Les sanctions prises par Washington contre les géants du pétrole russe Rosneft et Lukoil marquent un tournant de taille dans la politique étrangère américaine. Excédé par la poursuite du conflit en Ukraine et les positions jusqu’au-boutistes de Moscou, le président américain a pris pour la première fois de son mandat des mesures directement axées contre le secteur pétrolier russe, qui risque de perdre à court terme l’accès à plusieurs débouchés de taille, comme les marchés chinois et indien.

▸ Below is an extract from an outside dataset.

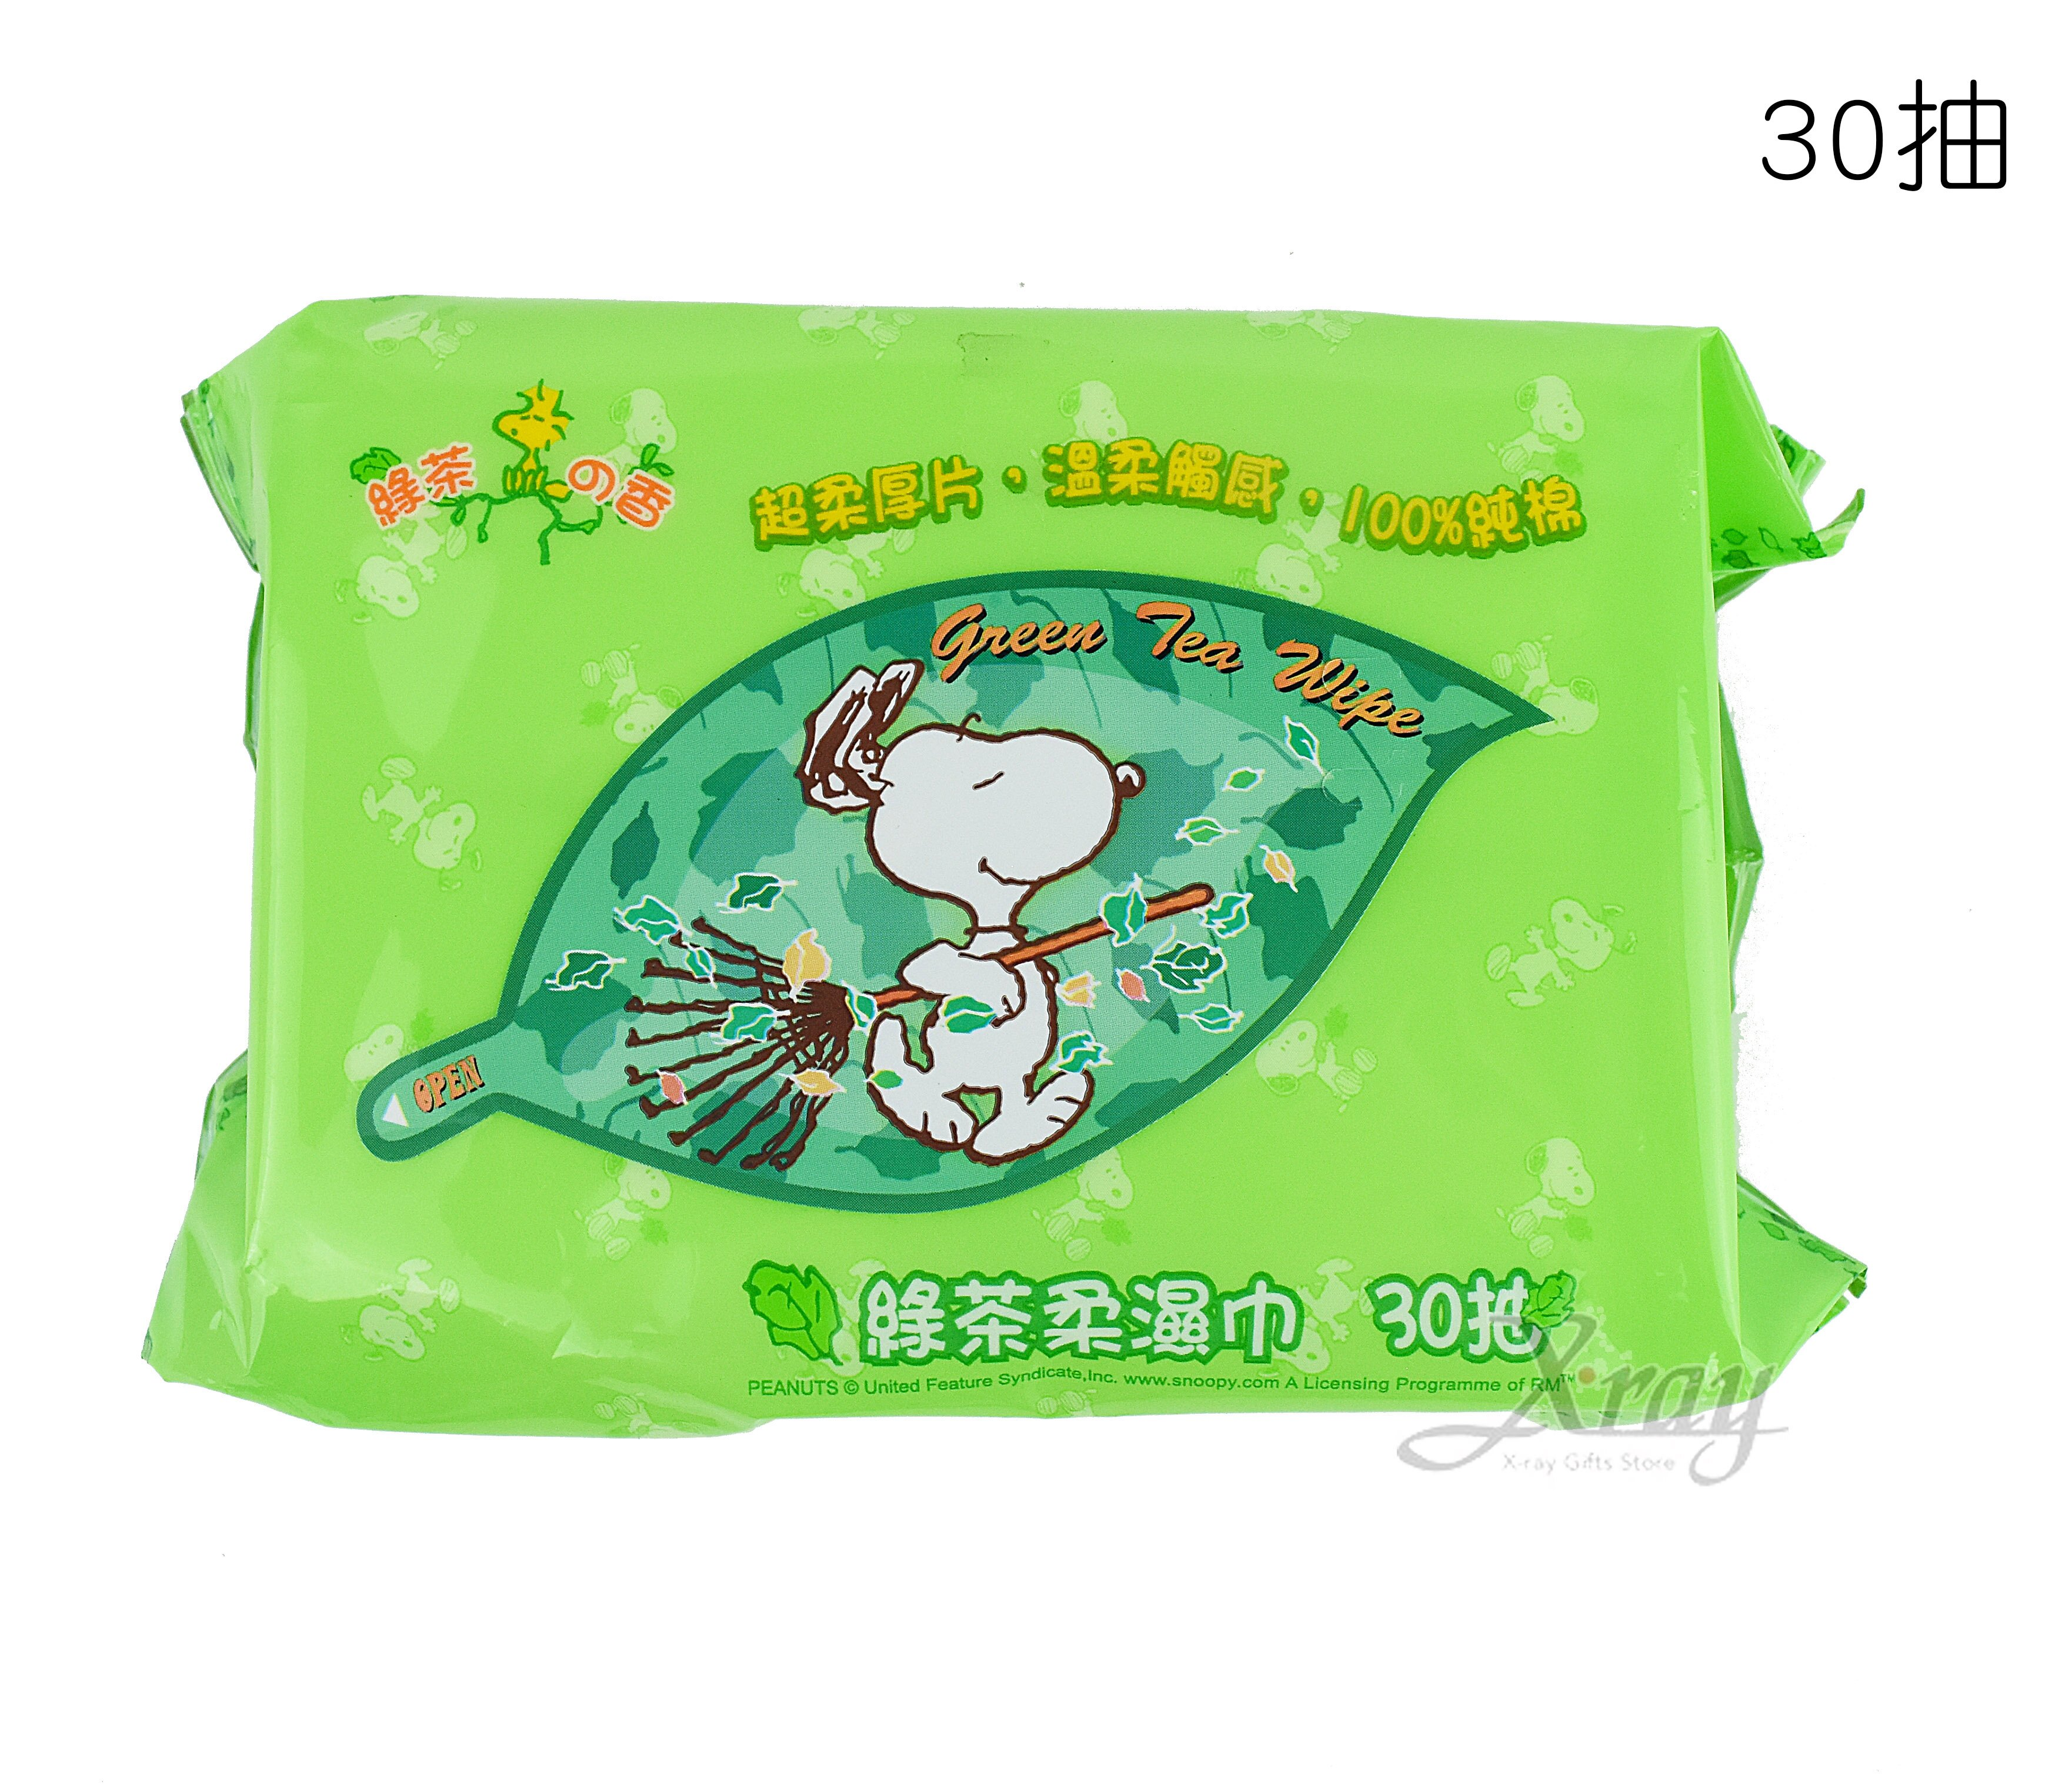 X射線【C931411】史奴比手濕巾-綠茶(30抽),Snoopy/濕紙巾/嬰兒濕紙巾/衛生紙/面紙/經期用濕紙巾/隨身包

Mais ces mesures font ressurgir un problème posé à plusieurs reprises depuis le début de l’invasion à grande échelle de l’Ukraine : comment priver Moscou de la manne qu’il tire de ses ventes de pétrole, vitales pour financer le conflit contre Kiev, sans faire s’envoler les prix du pétrole ?
Maintien des exportations
Le G7 et l’Union Européenne ont implanté dès 2022 une solution à ce casse-tête : imposer un plafond des prix du pétrole transporté sur des navires assurés ou possédés par des entreprises occidentales, hégémoniques dans les domaines de l’assurance et du fret maritime.
Ce système permet de rogner sur les marges que tire Moscou de ses ventes d’or noir à des pays tiers, tout en assurant à ces derniers le maintien de l’accès à une source majeure de pétrole. La Russie a en conséquence mis en place une flotte fantôme, constituée de pétroliers vétustes naviguant sous des pavillons étrangers, lui permettant de continuer de vendre son pétrole à ses propres conditions.

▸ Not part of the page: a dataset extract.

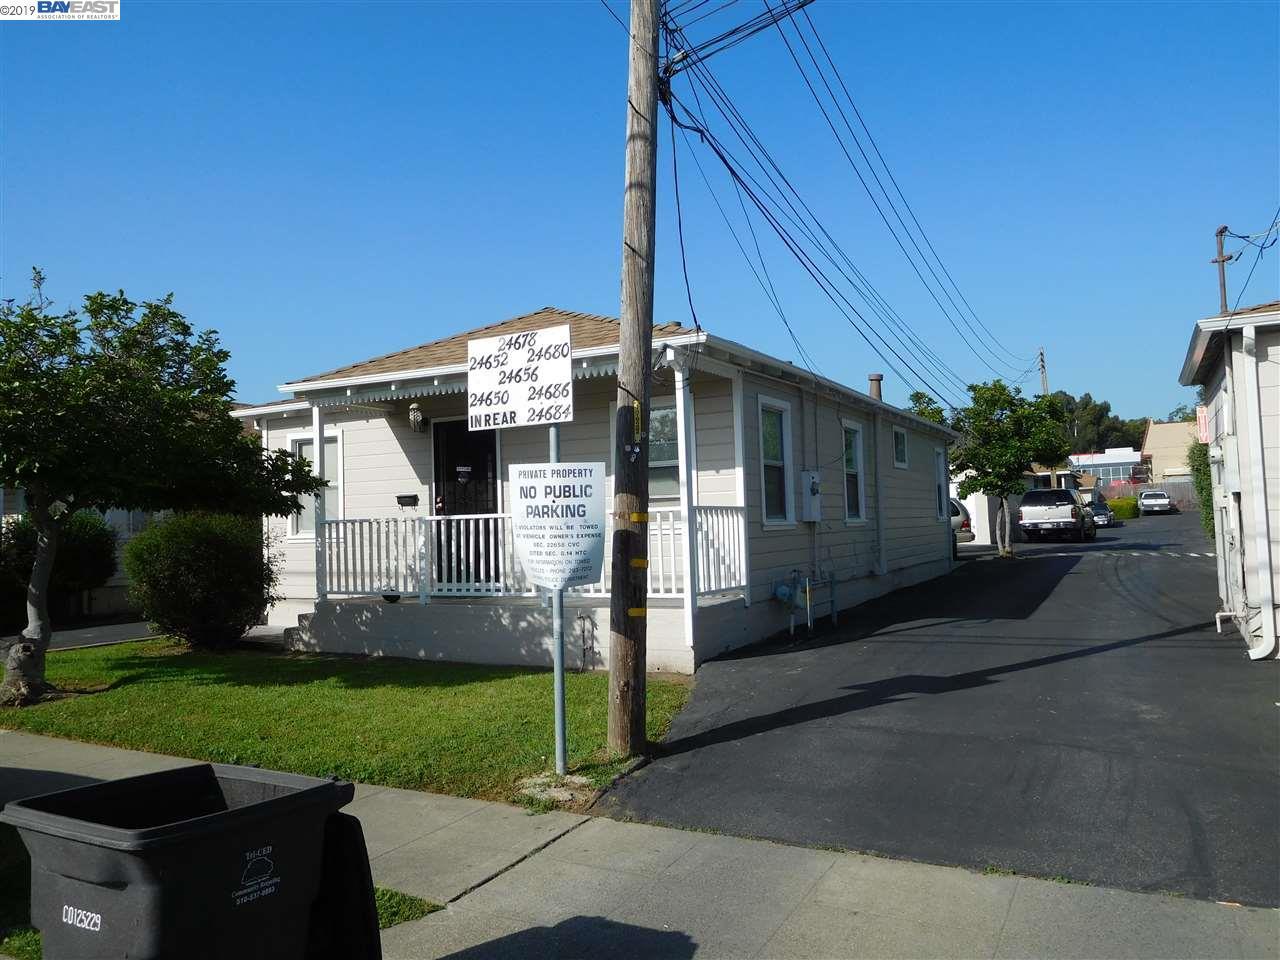 24652 Oneil Ave Hayward, CA 94544

Ces contre-mesures russes devraient permettre à Moscou de limiter les dégâts causés par les sanctions : selon le Wall Street Journal, les ventes de pétrole devraient se maintenir grâce à l’exploitation accrue de la flotte fantôme et un vaste réseau d’intermédiaires, diminuant les profits que retire Moscou de ses exportations sans pour autant mettre un terme à ces dernières.
Jeu d’équilibriste
Washington dispose pourtant de plusieurs mesures dans son arsenal capables d’augmenter l’impact de son offensive contre le pétrole ruse, tel que la mise en place de sanctions contre des navires identifiés comme faisant partie de la flotte fantôme : seuls 216 pétroliers opérés par Moscou ont été sanctionnés par les États-Unis, contre 550 par l’Union Européenne.
D’autant que les sanctions américaines sont particulièrement efficaces, Washington menaçant régulièrement d’appliquer des mesures de rétorsion contre les entités maintenant des relations avec des entreprises sanctionnées.
Mais ces sanctions ont un coût pour le reste du monde : le prix du baril de Brent, un type de pétrole brut servant de référence, a grimpé suite à l’annonce des sanctions, passant de 61,25 dollars le 21 octobre à 65,54 dollars le 28, selon Boursorama.
Ces chiffres restent bien loin des prix atteints lors des premières semaines de l’invasion de l’Ukraine, le Brent montant à l’époque à plus d’une centaine de dollars le baril. Mais la mise en place d’autres sanctions risque de faire exploser la valeur de l’or noir, en baisse depuis la fin de la guerre des douze jours entre Israël et l’Iran.
Une telle perspective est loin de convenir à Washington, alors que l’inflation était en légère hausse aux États-Unis en septembre, en partie à cause des politiques douanières mises en place par Donald Trump. Elle pourrait peser sur les élections de mi-mandat, dont la campagne s’amorce déjà outre-Atlantique. De quoi donner une marge de manœuvre supplémentaire à la Russie, dont la dépendance aux revenus tirés de ses exportations d’hydrocarbures s’est dramatiquement accrue depuis 2022.